## Task item
With the exception of the pictures, transcribe the entire listing exactly.

## Data shown
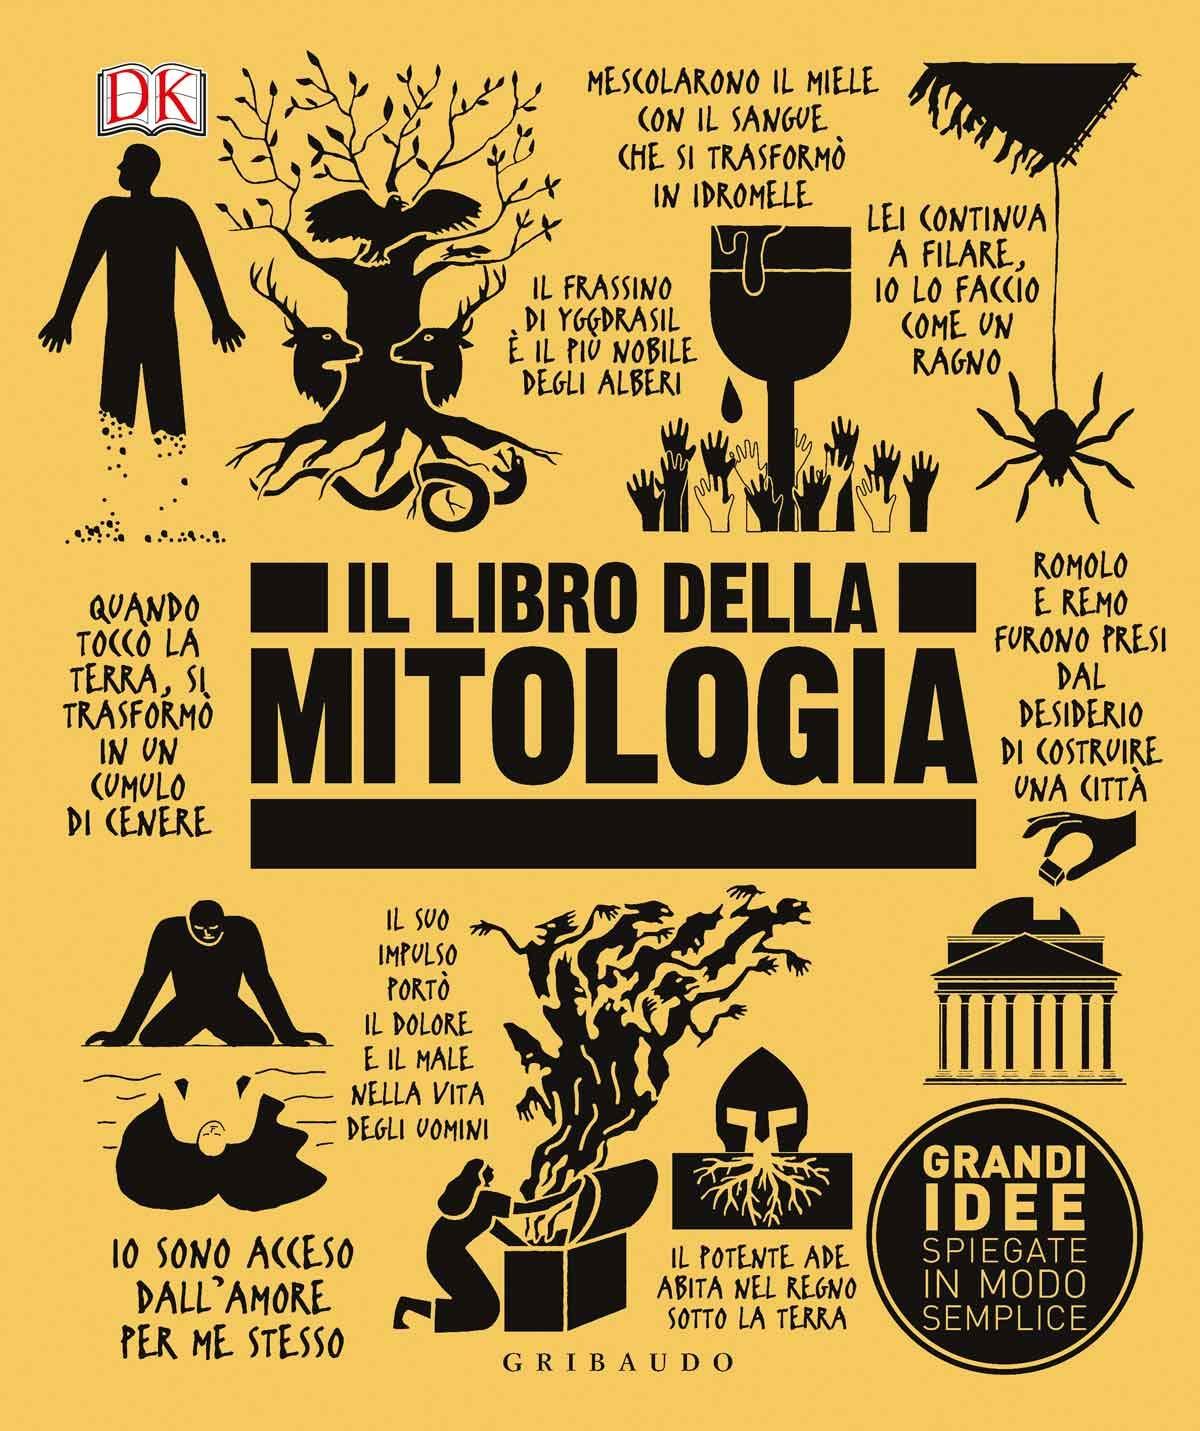 grandi idee spiegate in modo semplice  : Il libro della mitologia. Grandi idee spiegate in modo ...
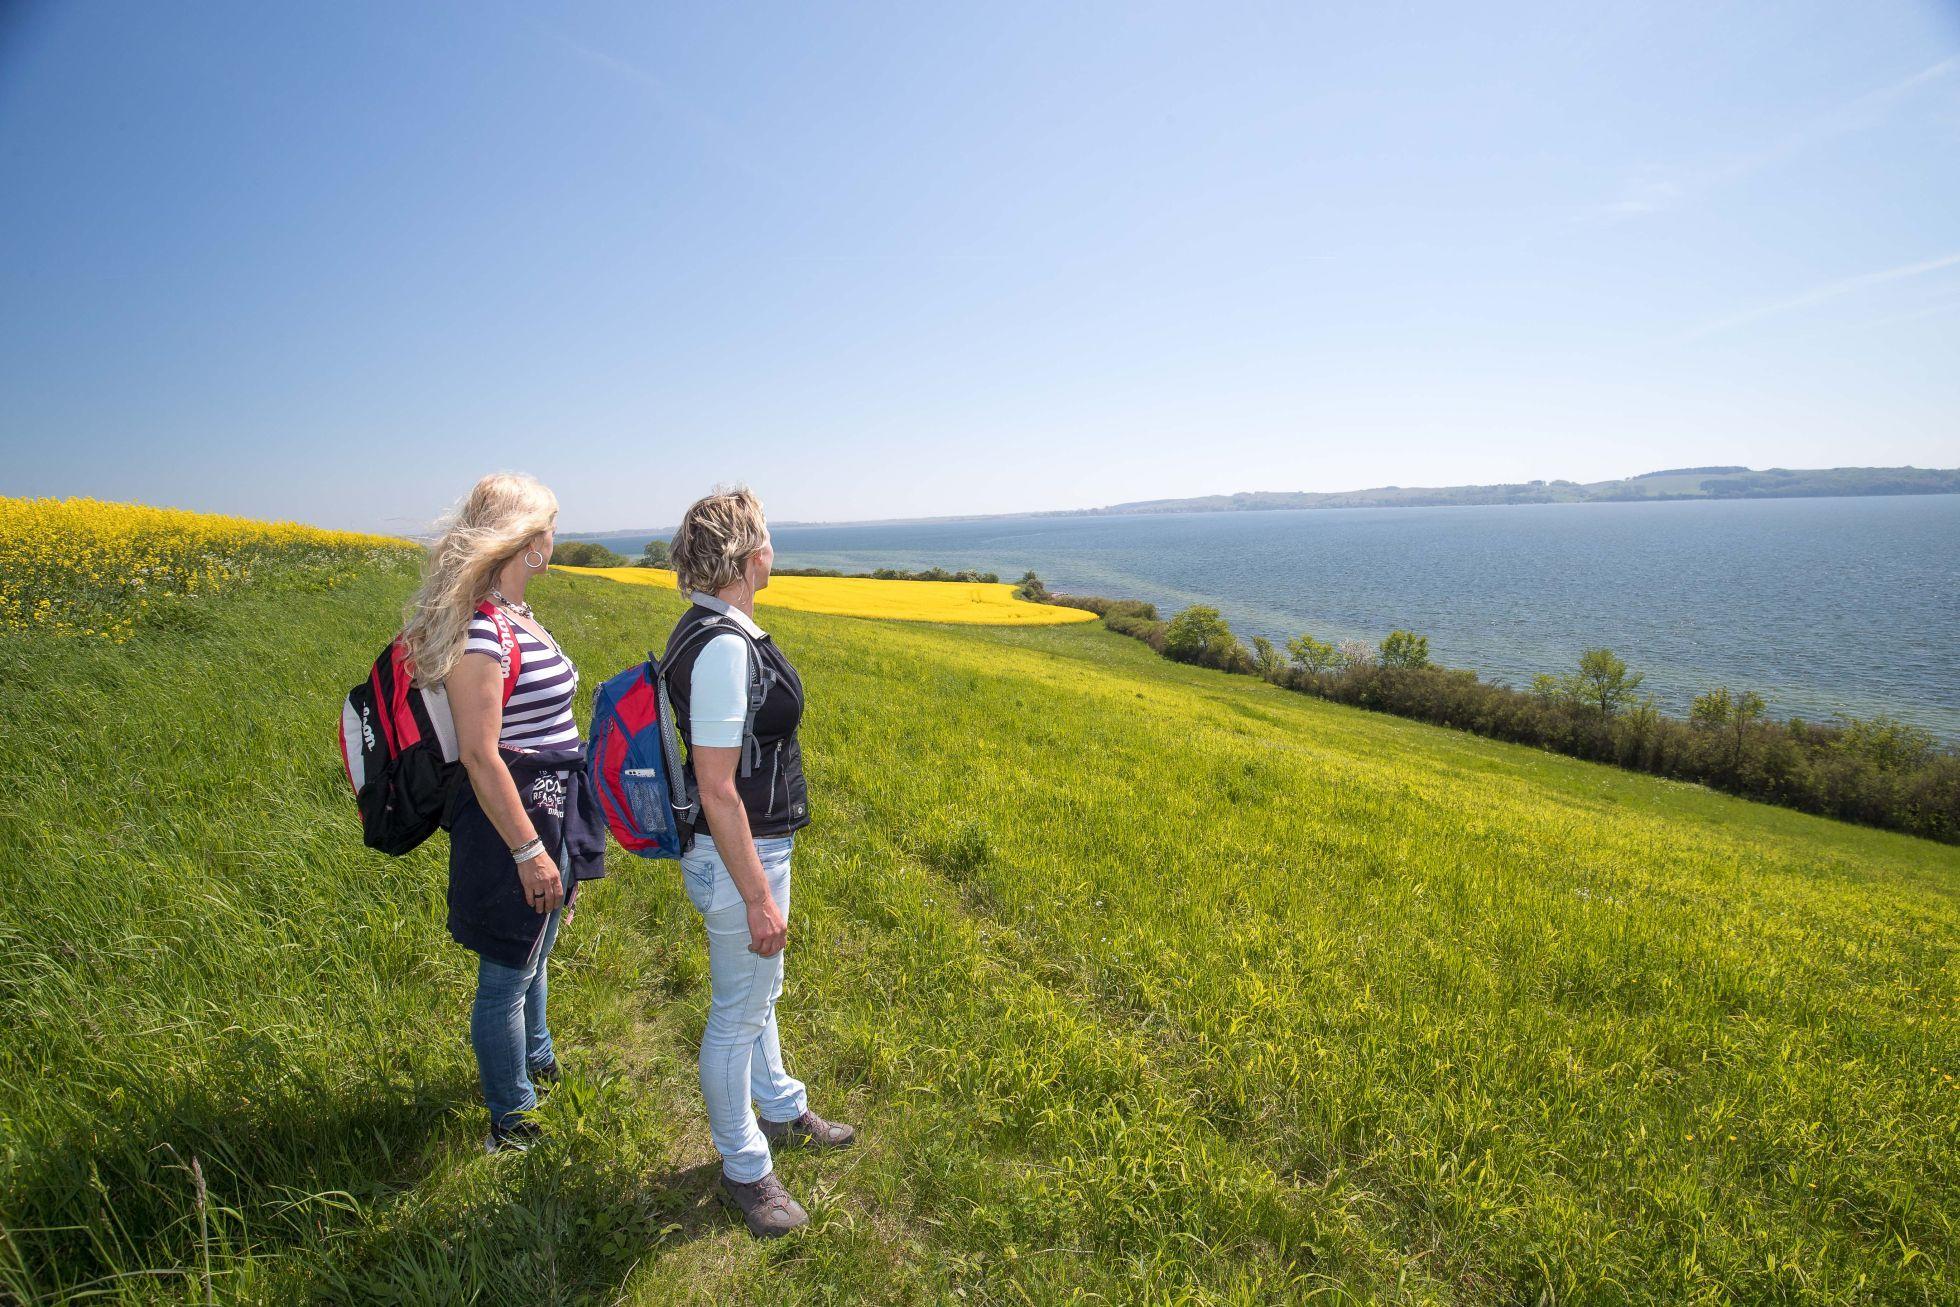 Goehren Wandern5 Spaziergänge
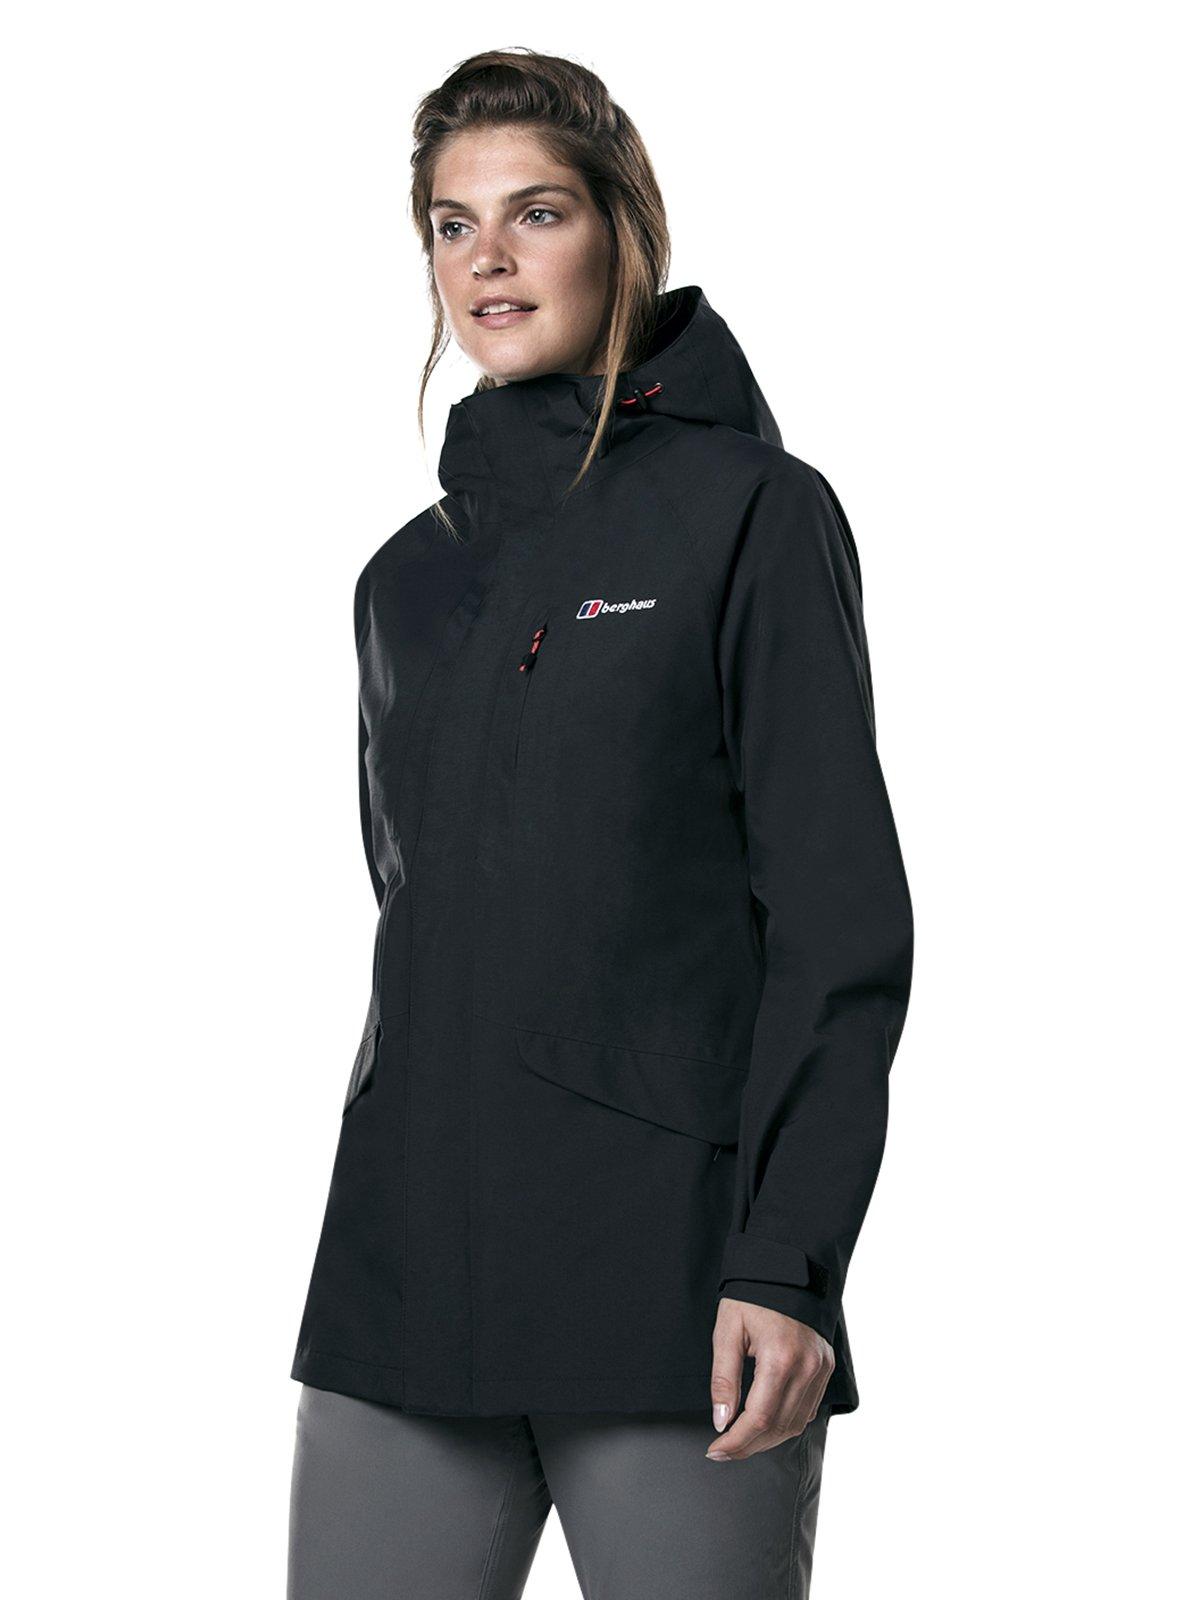 61dqQSb2ZYL - Berghaus Women's Hillmaster Gore-tex Waterproof Jacket

## Solution for this problem
 grandi idee spiegate in modo semplice  : Il libro della mitologia. Grandi idee spiegate in modo ...
 Goehren Wandern5 Spaziergänge
 61dqQSb2ZYL - Berghaus Women's Hillmaster Gore-tex Waterproof Jacket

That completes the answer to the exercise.